The Indian stock market is currently in a phase of consolidation, influenced by varied earnings reports, global economic factors, and shifts within the IT sector. While domestic fundamentals remain robust, investors should adopt a cautious strategy due to sectoral disparities and high valuations in some areas.
Results from the Nifty 500 indicate aggregate Profit After Tax growth of 10% year-over-year, slightly exceeding expectations. However, performance is polarized, with some companies exceeding estimates while others lag. One-time provisions related to new Labour Codes also impacted corporate earnings, keeping overall growth below the desired 15% threshold.
Sectors like Energy, Financials, and Metals have provided significant support. Energy benefited from stable crude prices, Financials from healthy loan growth, and Metals from improved realisations and volumes. Conversely, Communication Services and Consumer Discretionary segments faced pressure from moderate demand and margin issues.
Public Sector Undertaking (PSU) banks have emerged as outperformers, consistently delivering stronger credit growth than private banks. The Indian defence sector is entering a multi-year capital expenditure cycle, bolstered by a substantial increase in the FY26-27 defence budget aimed at boosting domestic manufacturing.

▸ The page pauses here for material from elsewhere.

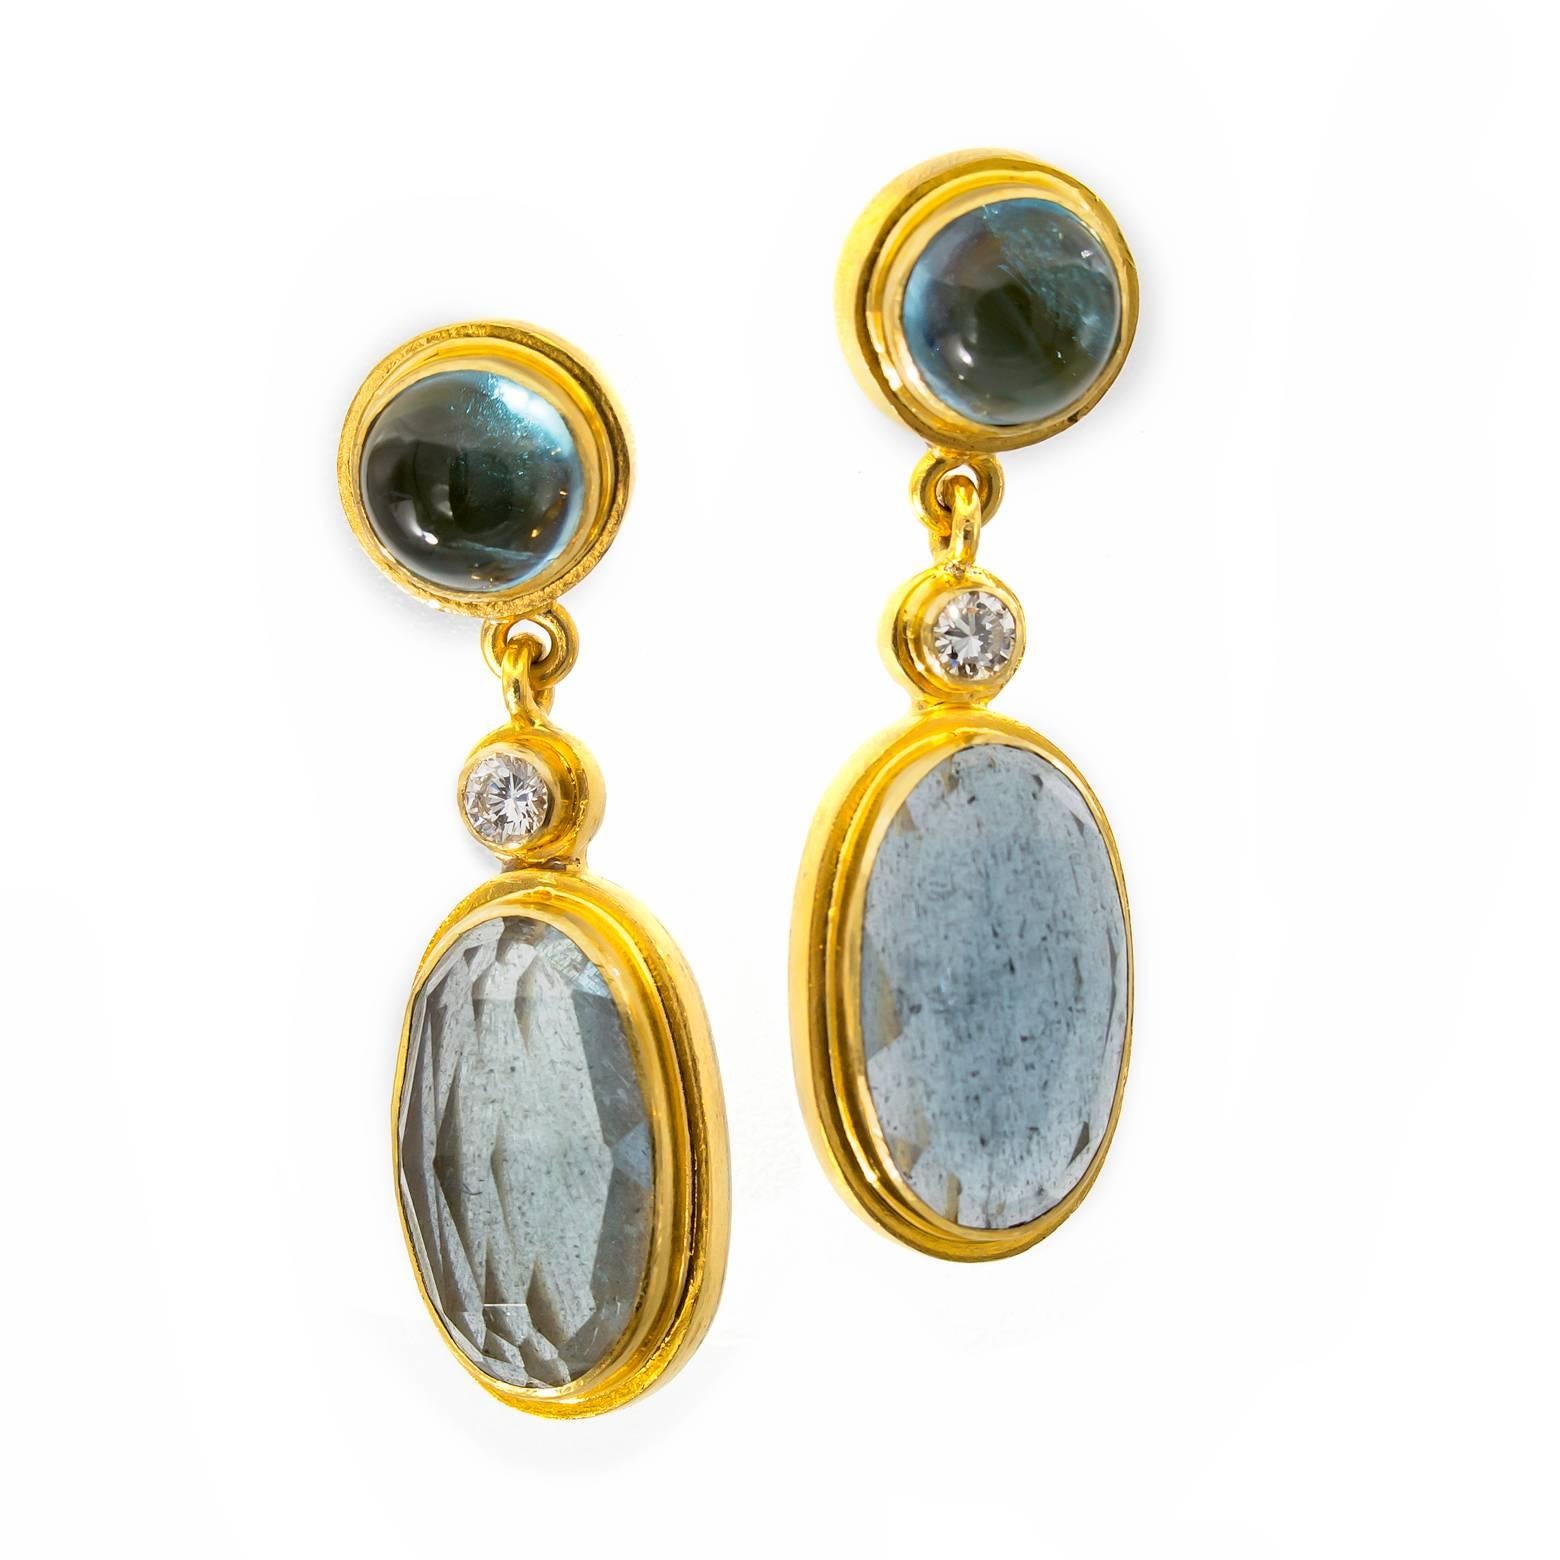 Contemporary Moss Aquamarine and Blue Tourmaline Drop Earrings in Yellow Gold with Diamonds
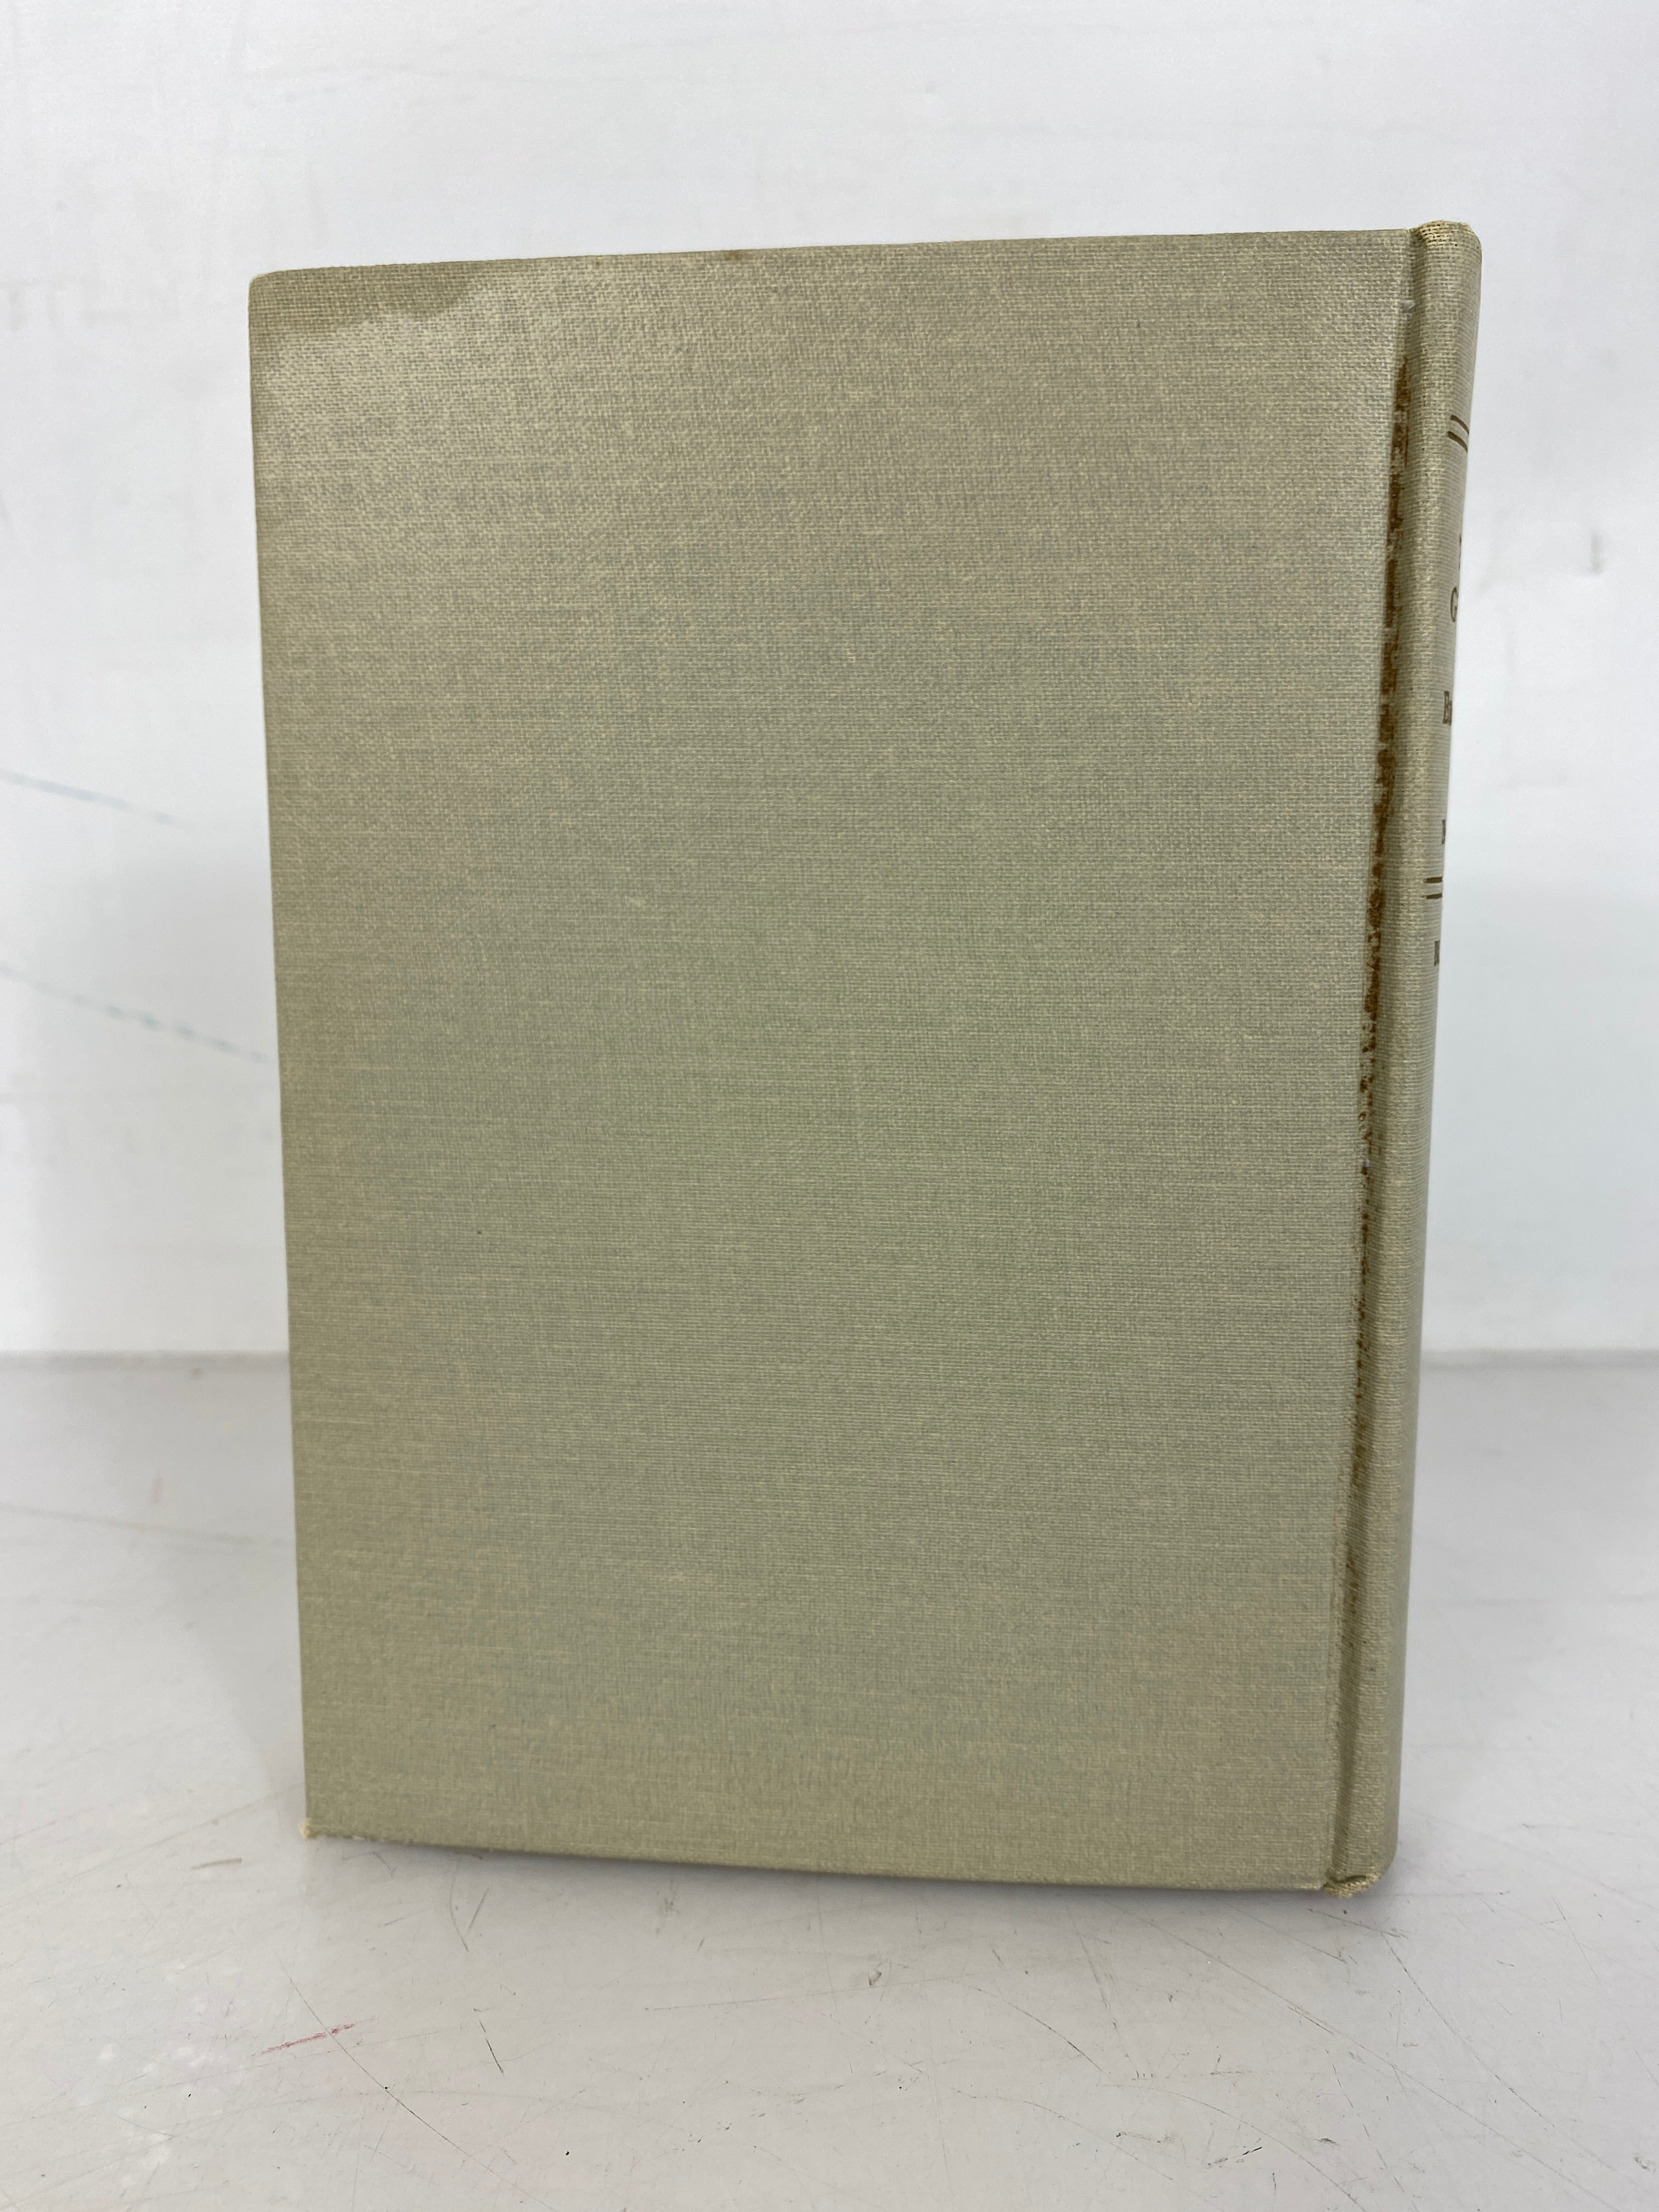 Early Edition Classic A Tree Grows in Brooklyn by Betty Smith 1943 HC DJ

Looking ahead, Nifty 50 earnings are forecast at 5-6% for FY26, escalating to 12-15% in FY27, supported by domestic demand and trade agreement clarifications. However, Foreign Institutional Investors (FIIs) have reduced their holdings in Indian IT stocks due to concerns over weakening earnings visibility, global uncertainty, and potential AI-driven disruptions impacting traditional outsourcing models.
Despite AI's potential to reshape IT dynamics, Indian IT firms are actively integrating AI capabilities into their offerings. While FY27-28 growth projections are more subdued, current valuations present potential entry points for long-term investors. The market has experienced volatility driven by geopolitical tensions, crude price fluctuations, currency weakness, and subdued FII participation.
Overall, the Indian market is selective rather than broadly overheated. Earnings growth is mixed, IT is navigating AI impacts, PSU banks are strong, and the defence sector has policy backing. Investors are advised to maintain disciplined stock selection and staggered deployment strategies for FY26-27.